Reproduce the listing that follows word for word, without its pictures.

● **PROVIDED DATA**:
::::

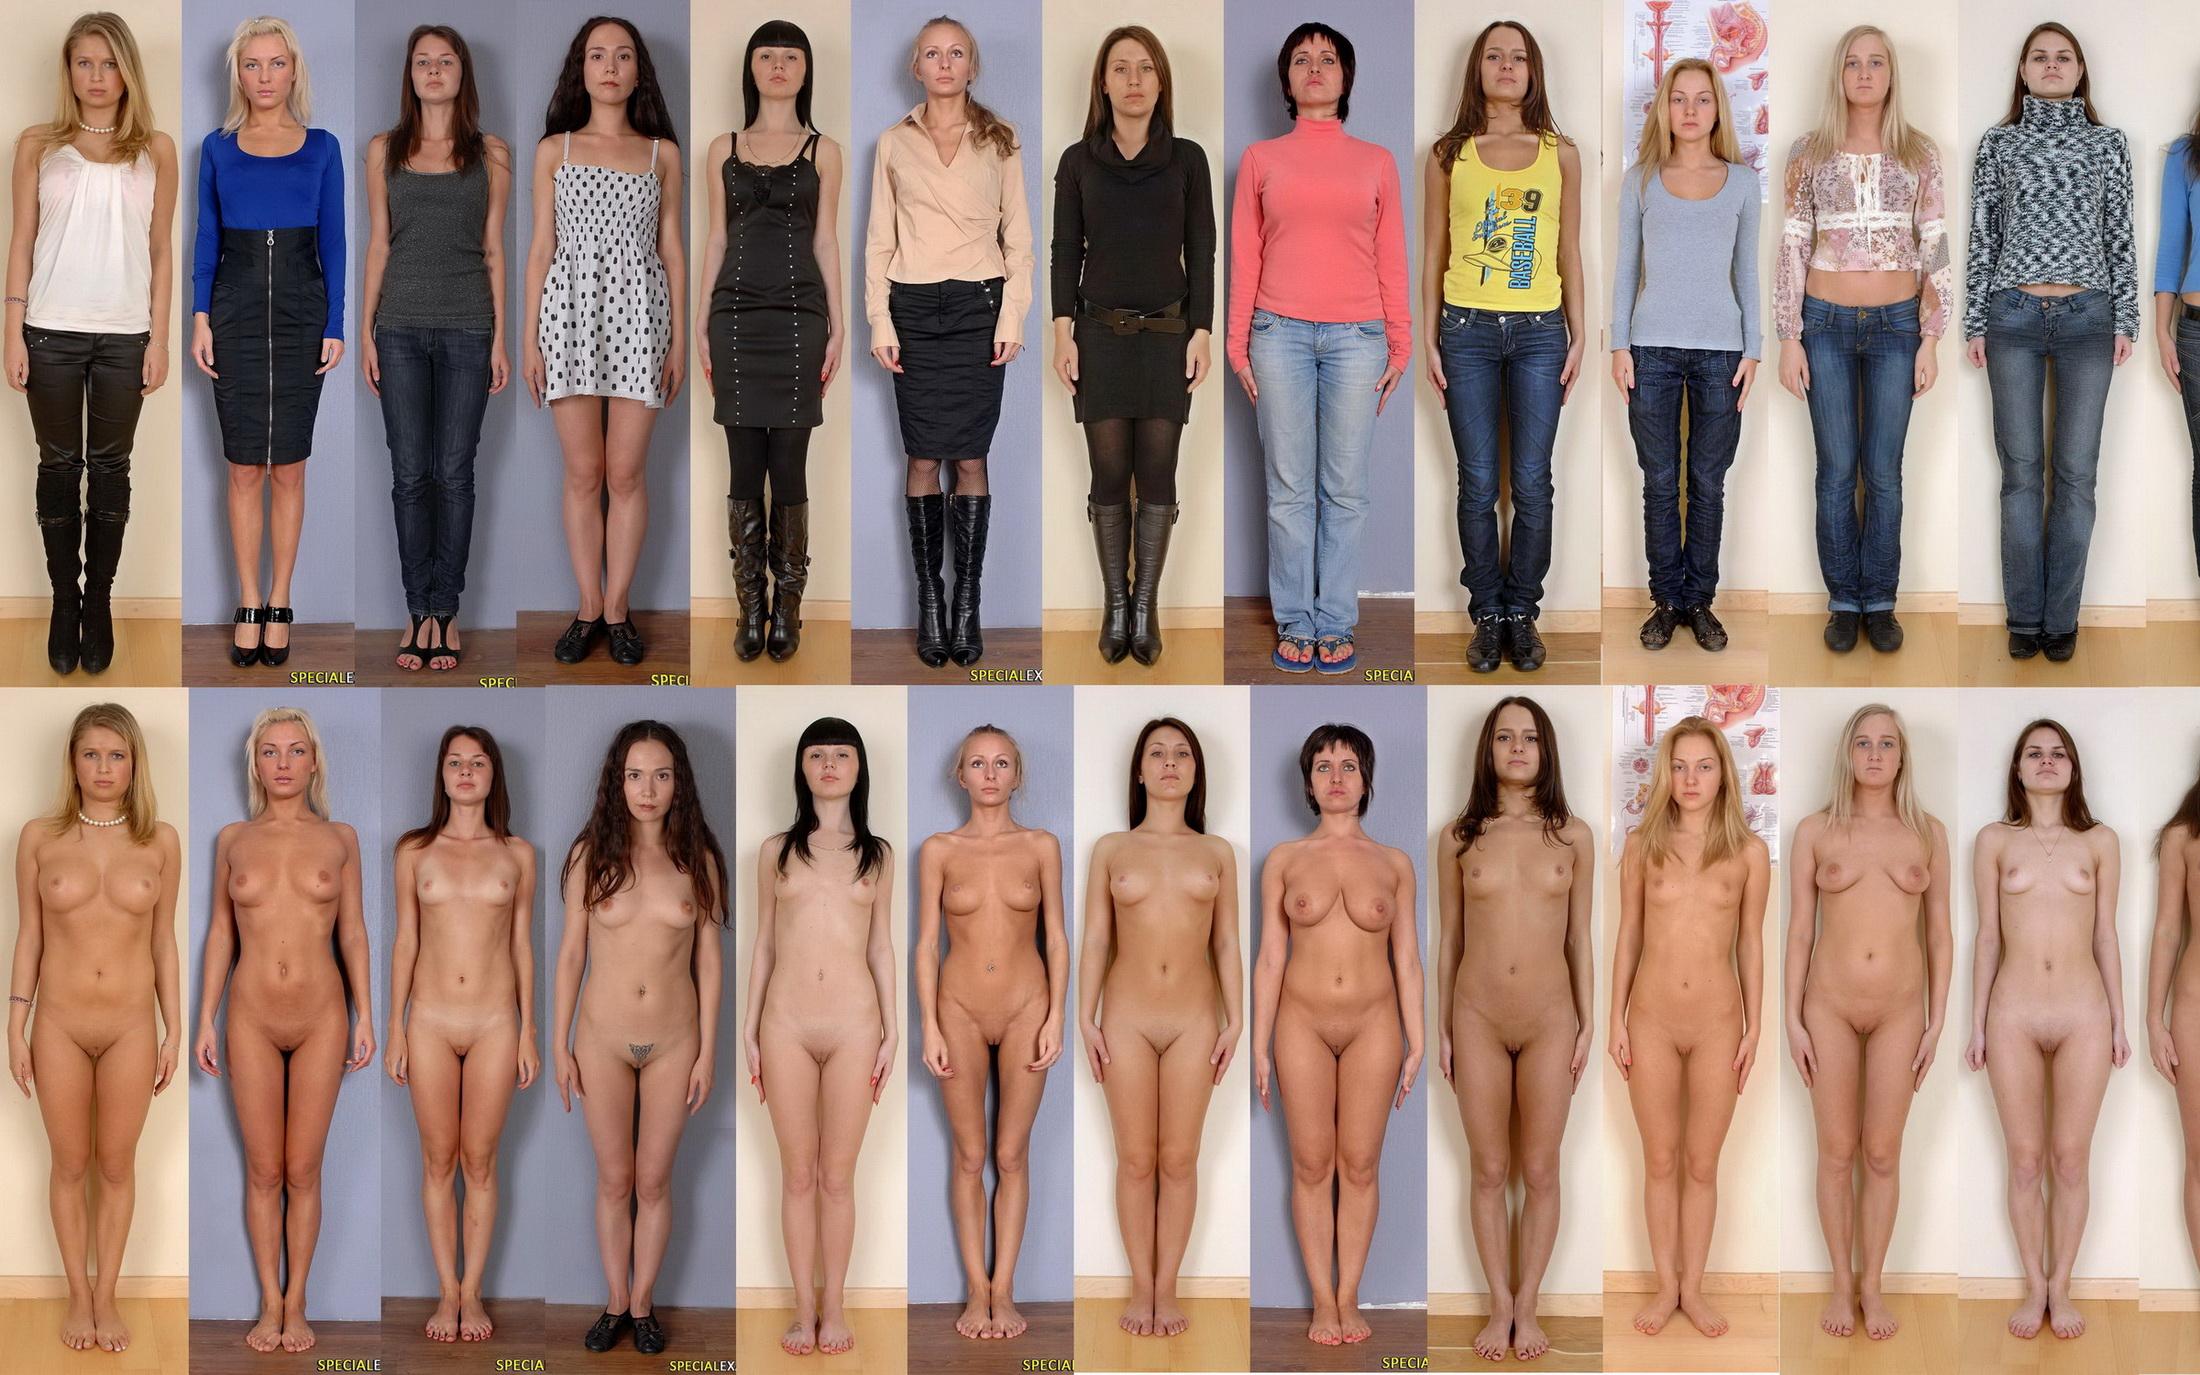 girls-comparison-nude
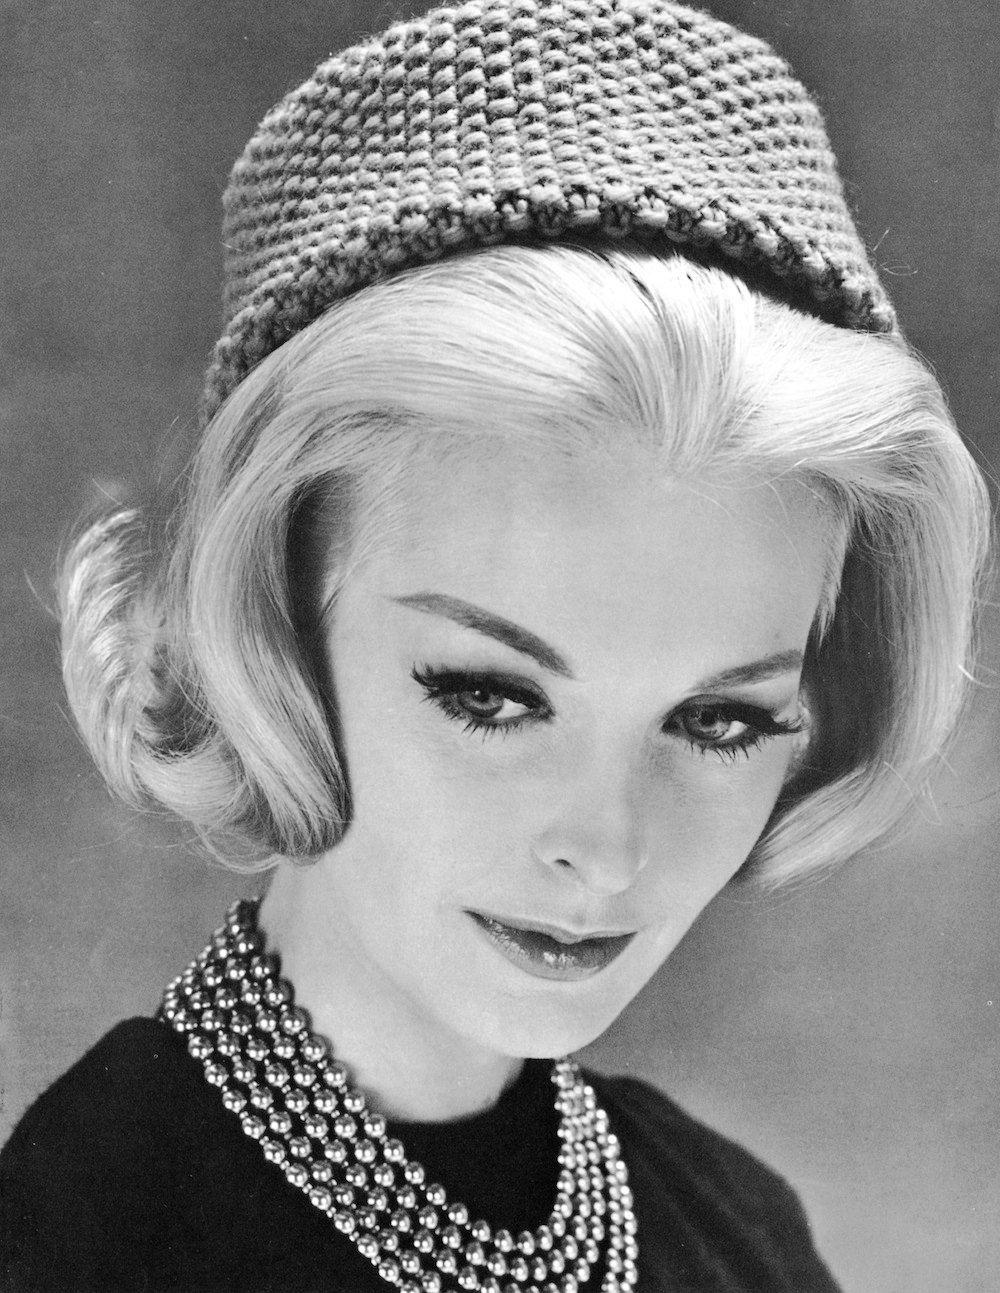 1960s Pill Box Hat Vintage Knitting Pattern PDF | Pill boxes, 1960s ...
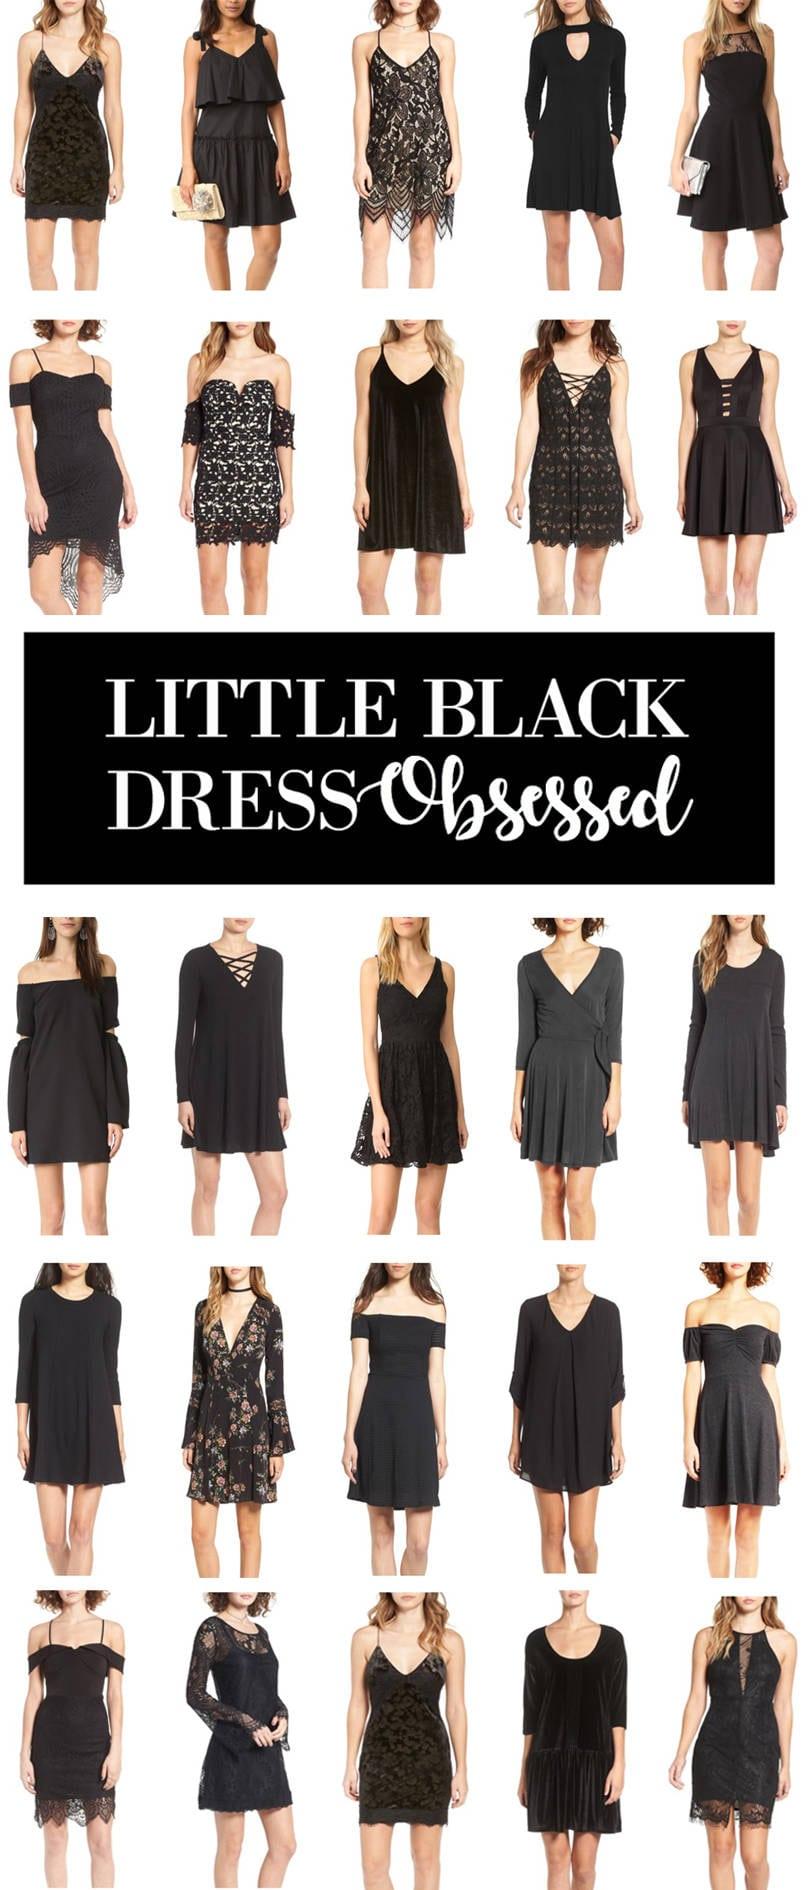 Little black dresses | dresses | LBD | date dress | Orlando beauty blogger Mash Elle

::::

● **THE COMPLETED TASK**:
 girls-comparison-nude
 1960s Pill Box Hat Vintage Knitting Pattern PDF | Pill boxes, 1960s ...
 Little black dresses | dresses | LBD | date dress | Orlando beauty blogger Mash Elle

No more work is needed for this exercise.